After reading about him and watching the above videos, everything about Huey Lewis and the News just seemed to click for me. I got a hold of their best-selling album Sports and a greatest hits collection and really found myself enjoying the songs. I guess something that I really appreciate about the band is that they came right at the beginning of image starting to dominate music, a time when a band full of mid-thirties quasi-dad-rockers playing pop-rock-funk-new wave could still be cool. Combine a blues pub rock band, a new wave band and the guitar/saxophone player from Sly and the Family Stone, and apparently you get the News. They just seem fun. As The Hold Steady say in the video, it seems like when Huey Lewis and the News get onstage, everybody is ready to party and have a good time

Huey, to me, seems like that friend of your parents who, rather than settling down and starting a family, kept playing in a band. He is under-dressed when your parents have parties, starts drinking earlier and is the only one who swears in front of you.
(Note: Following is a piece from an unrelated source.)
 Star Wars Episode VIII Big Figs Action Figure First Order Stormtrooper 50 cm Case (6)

I guess it just happens to be that his band put out two of the biggest albums of the 80's.

I'm also a sucker for big bands. I fucking love that every Motown track has a huge band on it, which in turn makes the songs sound big. Or Bruce Springsteen, how much does the E-Street Band add over a traditional two guitars, bass and drums outfit? Come to think of it, Huey Lewis and the News is almost a corny 80's version of 70's Bruce, just with less good lyrics. I don't mean to say that his lyrics are bad, because they are actually better than you would think, but c'mon, it's The Boss.

What I was trying to get at in the last paragraph is that I appreciate that everyone in the News plays their instrument. I know that sounds dumb, but bear with me. The News was assembled by combining Clover and another San Francisco band Soundhole. They're almost like a collection of session musicians, but not quite. I guess that I've just grown accustomed to the punk ethos of starting a band no matter if you play an instrument or not, but the fact that everyone in The News is good at their instrument and plays one instrument in particular adds a lot to the music. The basslines are good (dude, I fucking love the bass playing in Huey Lewis and the News) are good because he's only concerned with writing bass, not with anything else in the band.
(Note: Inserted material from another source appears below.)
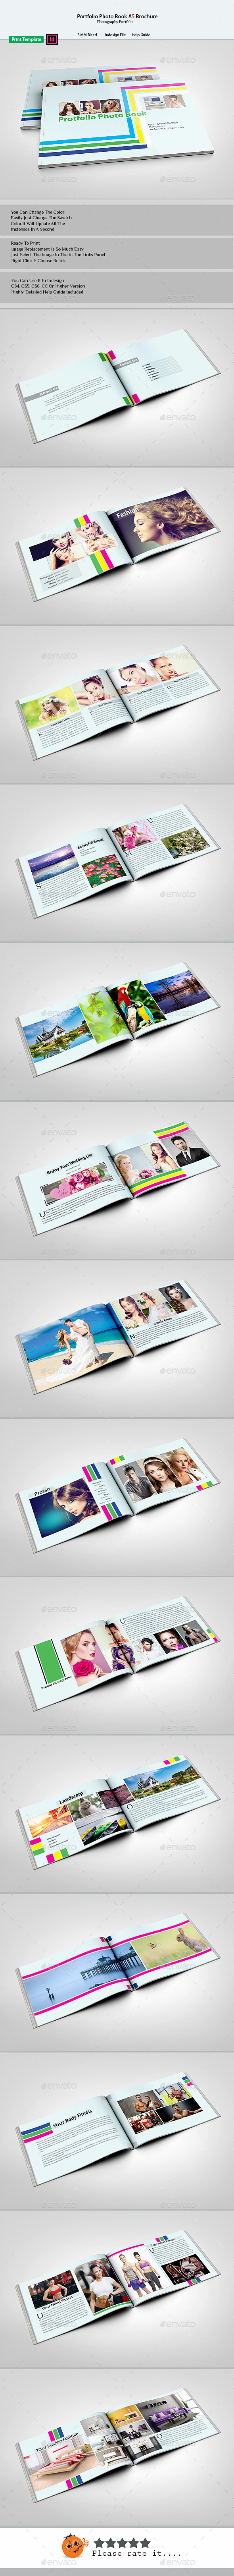 Portfolio Photo Book Brochure - Portfolio Brochures

I hope that this video will maybe illustrate some of what I'm trying to say:


First of all, can everyone please note how good of a live singer Huey Lewis is? Also, how tight the band is.
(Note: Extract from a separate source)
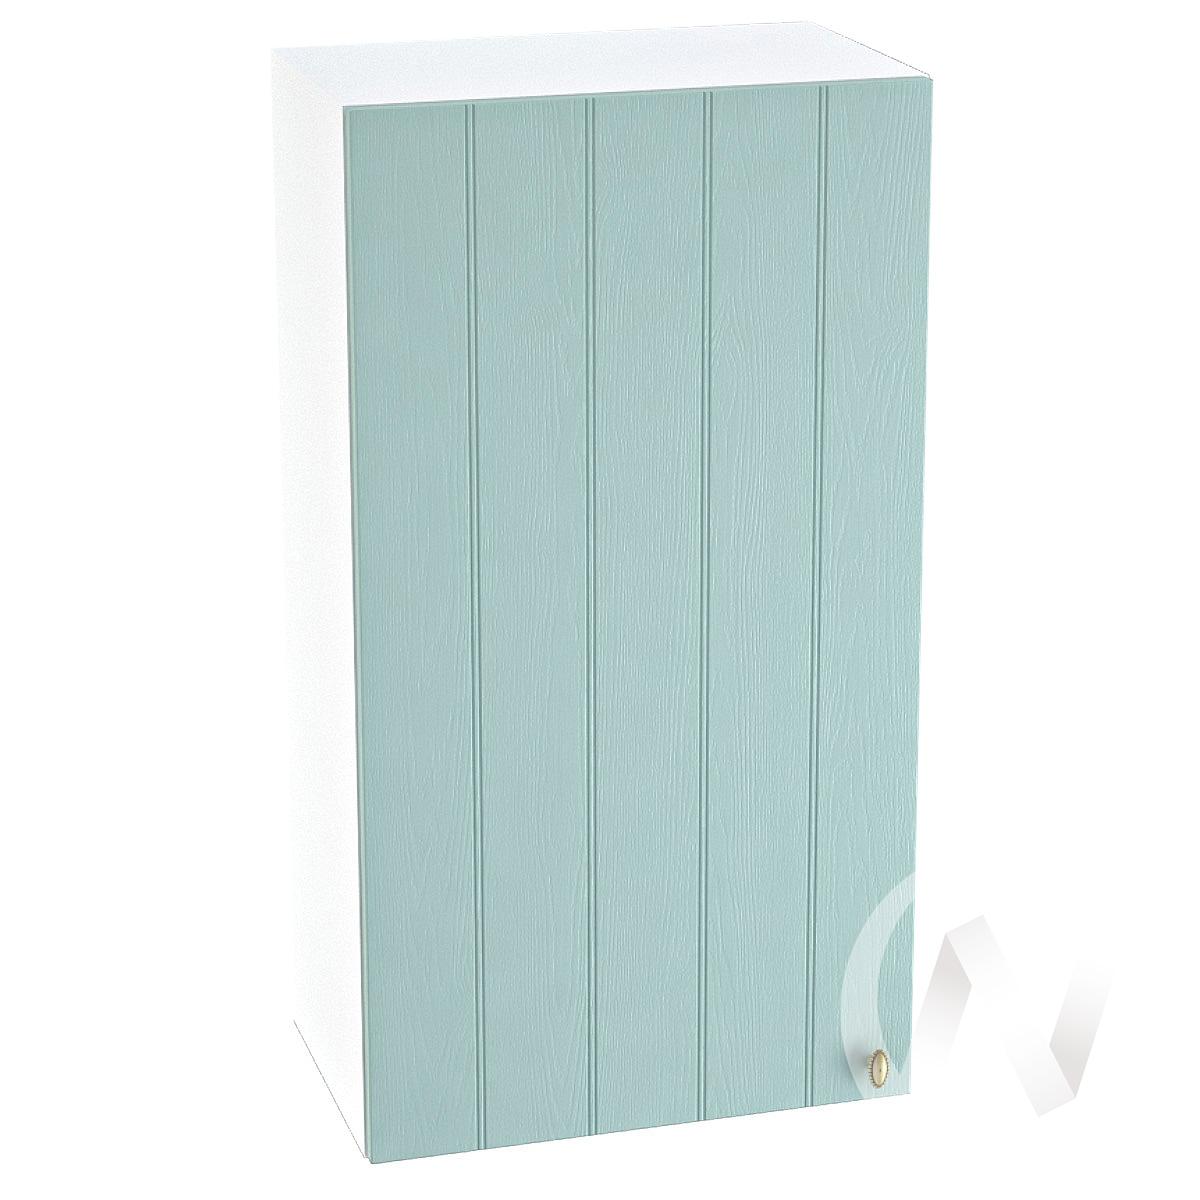 "Кухня ""Прованс"": Шкаф верхний 509, ШВ 509 (голубой/корпус белый)"

And man, what a fucking good song.

That video, being from 1987, represents Huey Lewis and the News when they were at the height of their popularity as it probably comes the Fore! world tour. Look how big the set up and band is. Fucking 11 members. They also clearly know exactly how to market themselves. They make themselves seem like everyman, working, lifer musicians by having Huey come out in a plaid shirt, but they're anything but. They are huge pop stars touring on an album that went to number 1 in four countries and sold 5 million copies. That images works for them though and I fucking love it.

The inverse is that they actually are like that and titled their biggest album Sports because they love sports, which would be just tremendous.

Like The Hold Steady, I have a sneaking suspicion that Huey Lewis might actually be a cool guy and lifer musician, which I always appreciate. Look at this article, again from the AV Club, sorry for going overboard on links from them, where he speaks about the importance of live music versus recorded music at sporting events. Not only do wholeheartedly agree with what he's saying and get funny feelings in my chest at him describing the organic sounds of a baseball game, but "live bands are culturally valuable in that they connect a team to a local music community in a real way"? That's just a great statement.

He just seems to come off as really humble most of the time, which I suppose is something that is always attractive in pop starts.

I can't believe how much I have come to like Huey Lewis and the News in the lasts three days. Who would have thought?